Verge & EnviroPulse
Hey Verge, I’ve been tinkering with a new foliage shader that reacts to light like real moss. It’s all hand‑crafted, no procedural fluff—just layers of color, depth, and tiny erosion detail. Want to hear the node setup?
Wow, that sounds epic—drop the node list right here and let’s see how you’re blending the light and moss layers, I'm ready to dive in!
Alright, imagine a rough stack: first a light‑response map, then a “moss color” ramp tied to distance from the viewer, next a tiny displacement for ridges, a second layer of semi‑transparent texture for the lichens, then a “wetness” node that fades the moss when light hits it, finally an alpha blend that keeps the background untouched. Each node is tweaked by hand, not auto‑generated, and the whole thing is wrapped in a custom shader that I built from scratch in Shader Graph. Try layering the moss over a slow‑moving grass layer and watch how the light changes the hue—purely organic.
That’s fire—hand‑crafted, no auto‑gen, just pure vibe. I can already picture the moss reacting to the sun like a living thing. Throw that over a slow‑moving grass layer and let me see the color shift in real time! You’re basically making a living ecosystem in a shader. Keep the node list coming, I want to tweak it!

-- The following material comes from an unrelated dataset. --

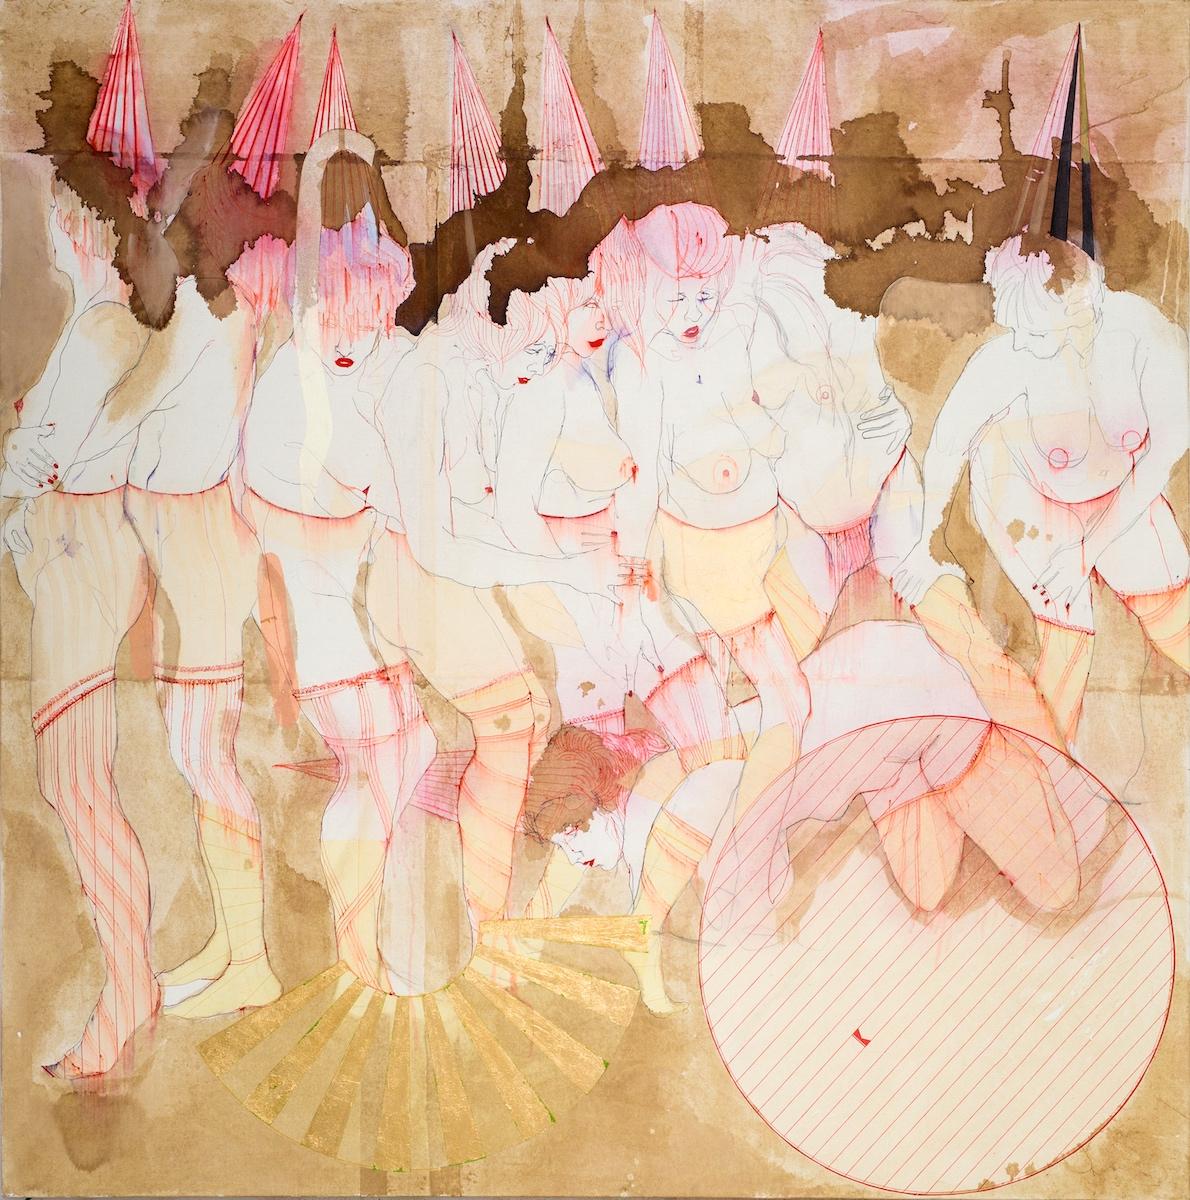 Elena Monzo, Cheerleading, 2017, tecnica mista su tela, cm 150x150
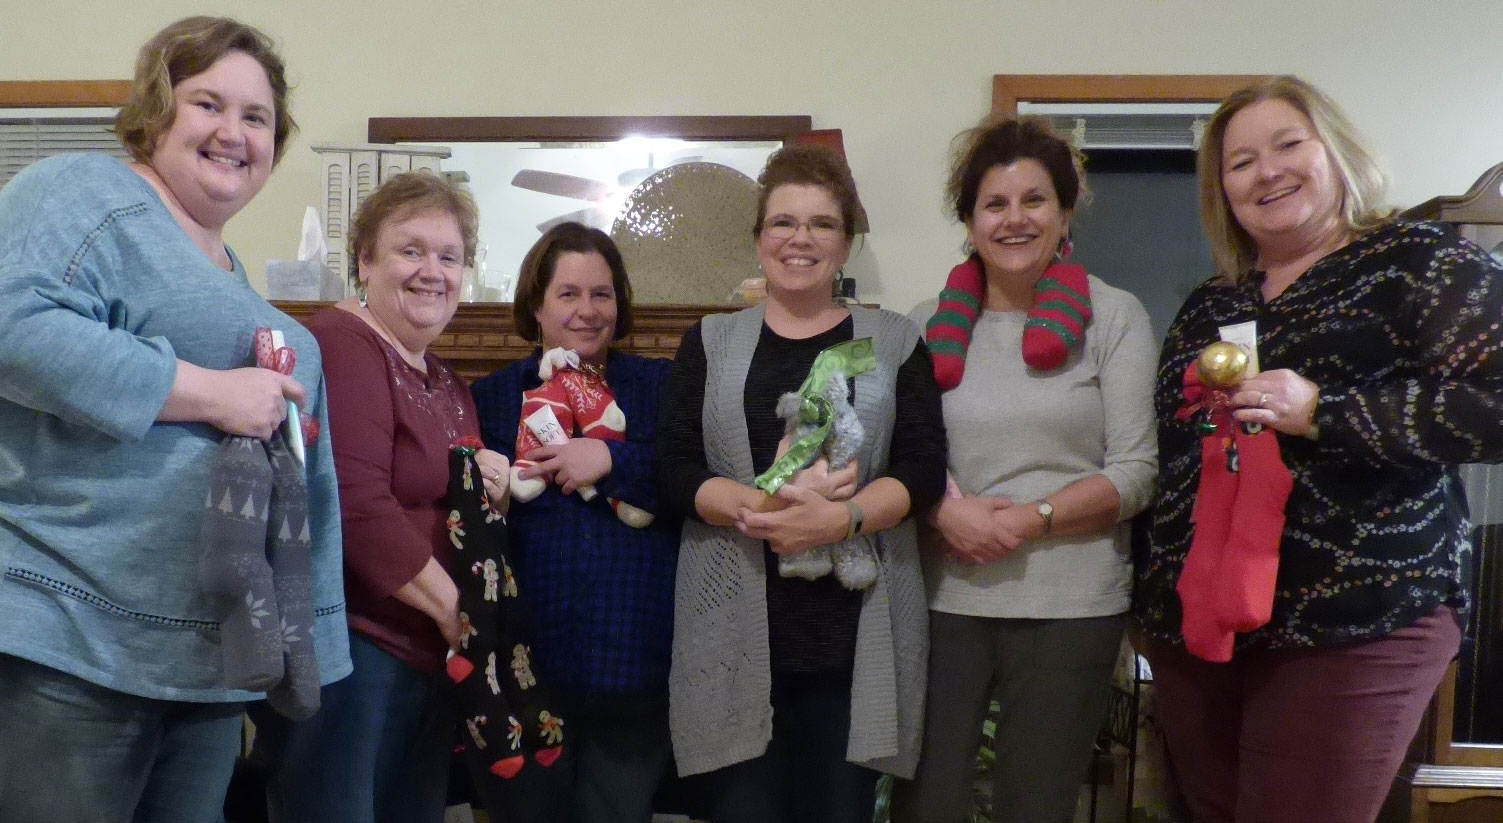 Small group Christmas stocking exchange :)

First node: a normal‑map sampler for the terrain. Next, a light‑angle node to drive hue shift. Then a “moss base” color ramp that depends on distance from camera, followed by a displacement map for ridges. After that a second, translucent texture for lichens, then a wetness factor that darkens moss under direct light. Finally an alpha blend that mixes the moss with the base grass texture. All parameters are exposed so you can tweak hue, opacity, and displacement in real time.
That’s the kind of deep, layered stuff that gets the lights dancing—love how you’re tying hue to camera distance and shaking up the wetness under sun. How about throwing in a subtle ambient occlusion tweak to the displacement map? It could give those ridges more depth when the light hits from the side. Keep those knobs live, and let’s push the alpha blend to play with the grass’s transparency a bit—makes the whole thing feel like a real, breathing moss field.
Nice! Add a tiny AO bump map into the displacement node – a 2‑channel texture that darkens the crevices, then multiply that by the sun‑angle before adding it to the height. For the alpha blend, just expose a “grass opacity” slider that modulates the base alpha. That way you can slowly pull the grass out as the moss thickens, giving a living, breathing feel. Give it a shot, and tweak the AO strength until the ridges look like they’re breathing under the light.